Obamacare Sold Out America

A year later, he would find that game not so unpleasant after all.


"He succeeded where presidents for a half-century have failed, so it wasn't going to be pretty. And it wasn't going to be easy."

After he became president, Obama would indulge Tauzin in the same closed-door dealings he once lambasted. The drug industry agreed to taxes and rebates involving $80 billion in savings over ten years. In exchange, Obama welshed on three crucial promises: to speed generics to market, to allow the importation of cheaper drugs, and to retain the right to negotiate Medicare drug prices.

Sen. Bill Nelson (D-Florida) was among several congressmen who tried unsuccessfully to maintain negotiation rights. He proposed a bill that would have forced drug companies to match prices offered to other government programs (Medicaid, Veterans Administration) that do negotiate.

"I'm not here picking on PhRMA," Nelson said at the time. "I just think, philosophically, that Medicare patients shouldn't be paying more than Medicaid beneficiaries."

But three Democrats — Sens. Baucus, Robert Menendez (D-New Jersey), and Tom Carper (D-Delaware) — teamed with Republicans to ensure that Nelson's bill was stillborn in committee. They were more ­interested in keeping their word to the drugmakers than in their duty to the American people.

"A deal is a deal," Carper explained.

A less-noticed provision gave pharmaceutical companies the right to extend patents on biologic drugs to 12 years — compared to the five years that conventional drugs receive. This might prove to be the greatest budget-buster of them all.

Biologics are the industry's new cash cow. They're more difficult to manufacture because they're grown rather than chemically assembled. This is the pretext for setting prices 22 times higher than those of ordinary drugs. Some prescriptions cost as much as $100,000 annually.
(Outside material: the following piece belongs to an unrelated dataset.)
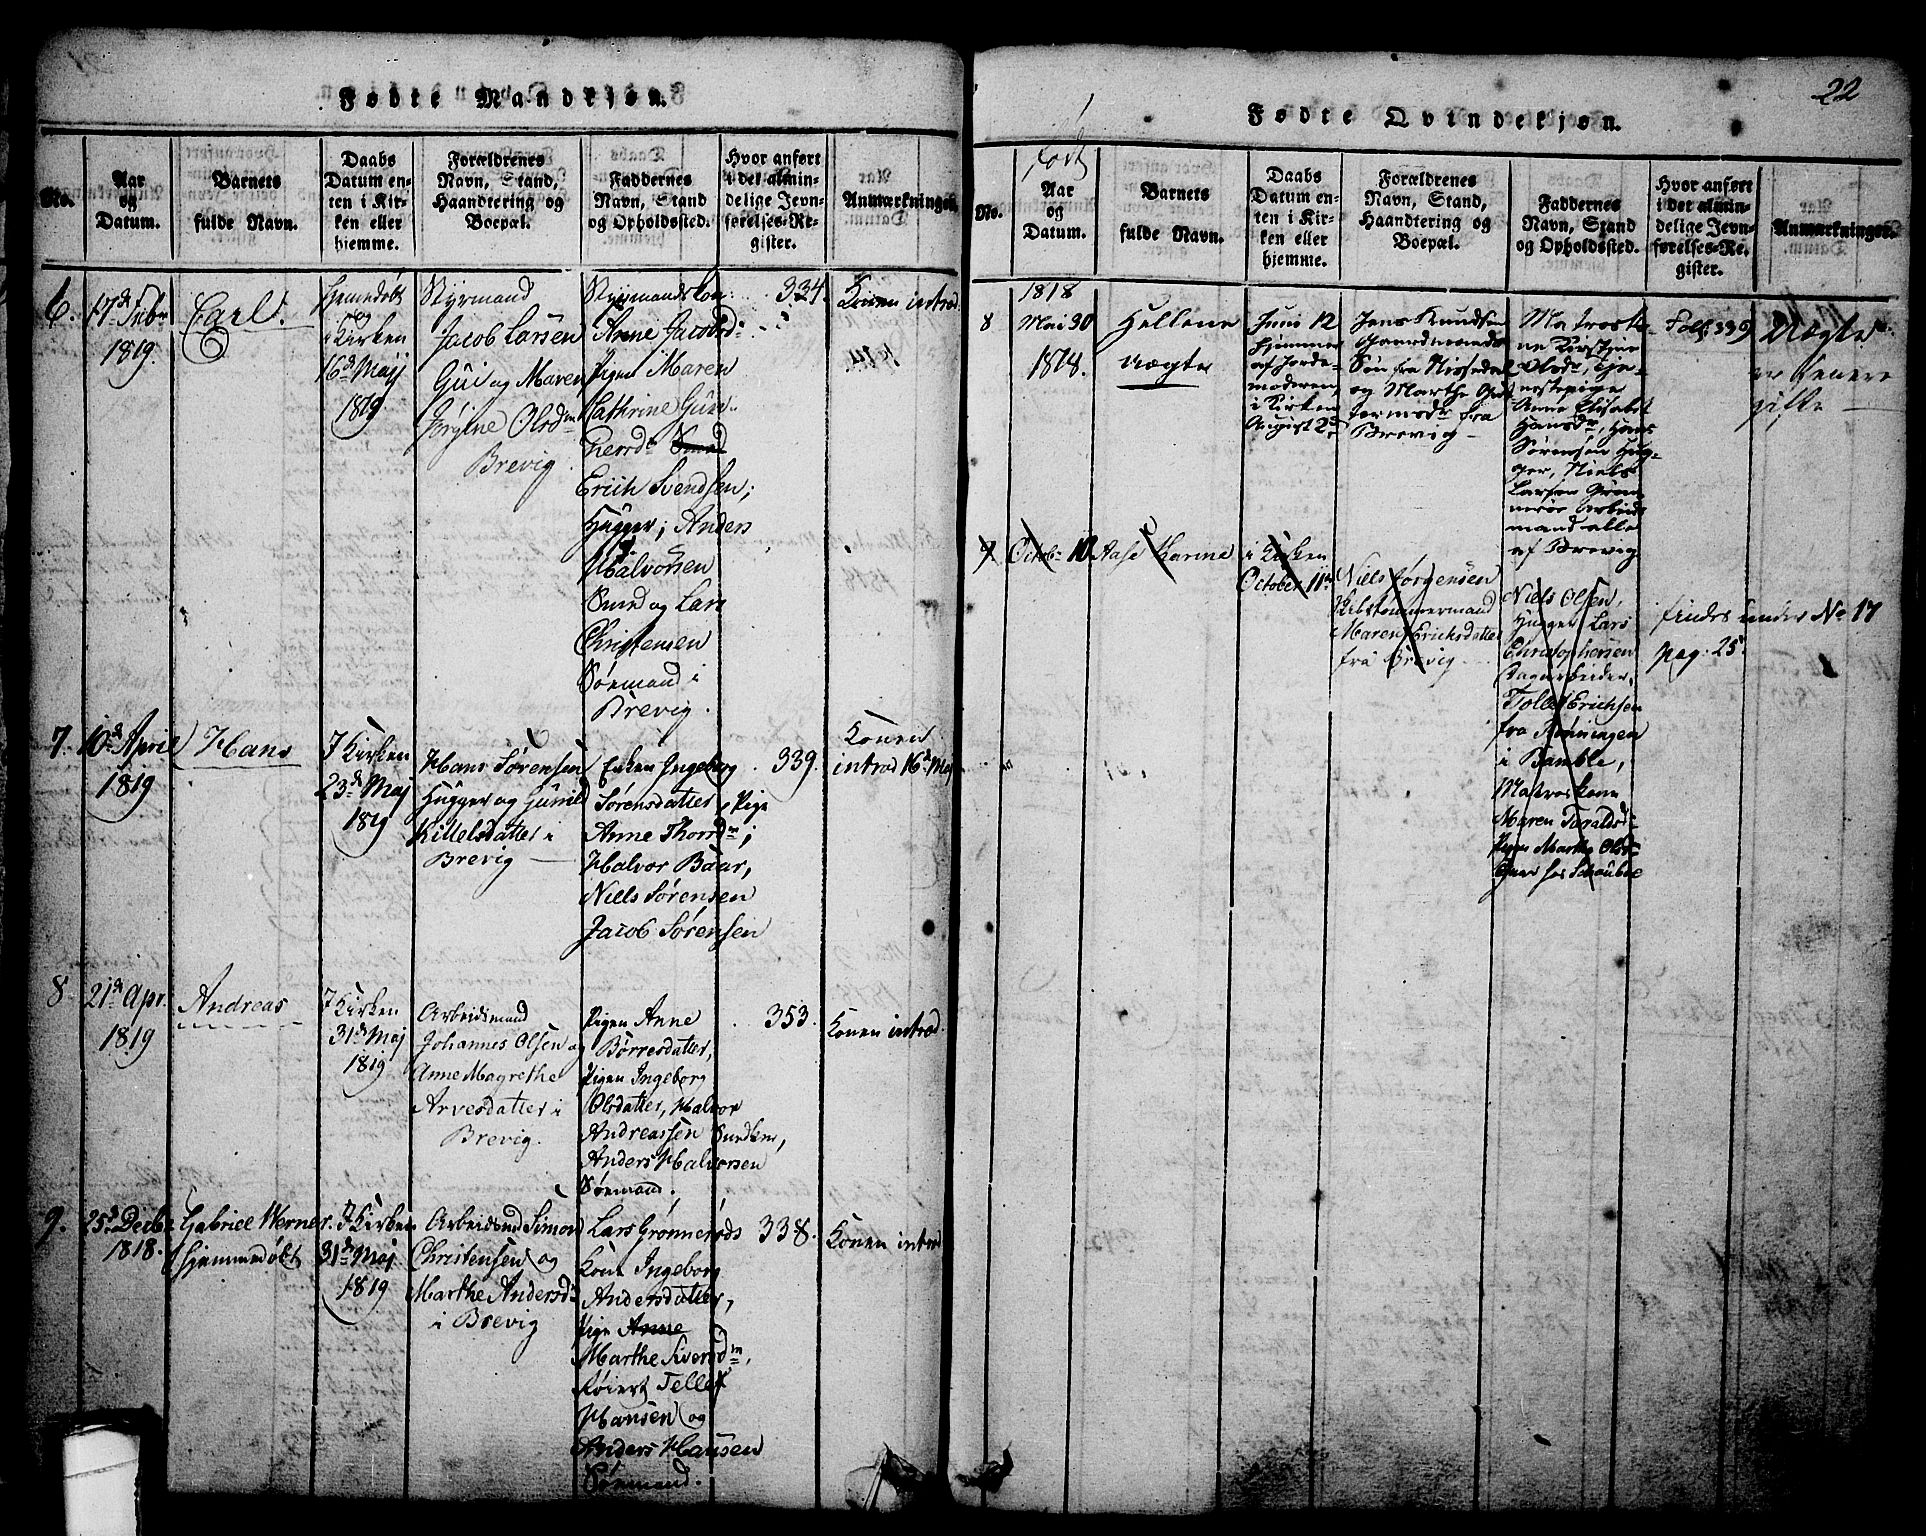 SAKO, Brevik kirkebøker, G/Ga/L0001: Klokkerbok nr. 1, 1814-1845, s. 22

"Unfortunately, both the administration and leadership felt they should put a moratorium on Medicare being able to buy in bulk and access generic drugs," says Congressman Raúl Grijalva (D-Arizona). "In doing so, they locked in a price scheme that is many times out of control... We allowed the fox to control the henhouse."

Congress and the administration also repeatedly balked at the most direct route to lower prices — greater competition — even though much of the country was without it.

An American Medical Association study found that one insurer controlled more than half the market in 30 states. "In Alabama, almost 90 percent is controlled by just one company," Obama told a crowd in 2009. "And without competition, the price of insurance goes up and quality goes down."

Hit the hardest were rural residents, typically poorer and less healthy than the rest of the country. Metro areas offered the greatest profit, so big insurers and hospital groups had little incentive to ­compete for the countryside. Absent competition, premiums and hospital prices soared.

Many Democrats pushed for a public insurance plan, which would compete with companies such as Aetna for customers. But Republicans rallied to protect insurers, claiming it was unfair to make them compete with government.

"We shouldn't have ever called it a public option," says Kentucky congressman Yarmuth. "We should have called it 'Medicare for all,' and then people would have been for it, because 'public option' was too vague."

Sen. Kent Conrad (D-North Dakota) proposed a compromise by creating nonprofit insurance co-ops to compete with monopolies and provide coverage to rural areas. Actuaries suggested that $10 billion in grants would be enough to get co-ops started in every state. Yet the marionettes in Congress began to strip away their effectiveness almost immediately.

Sen. Ben Nelson (D-Nebraska), a former insurance exec and one of the wealthiest members of Congress, withheld his vote unless the grants were changed to loans, making sure the co-ops were saddled with debt from the beginning.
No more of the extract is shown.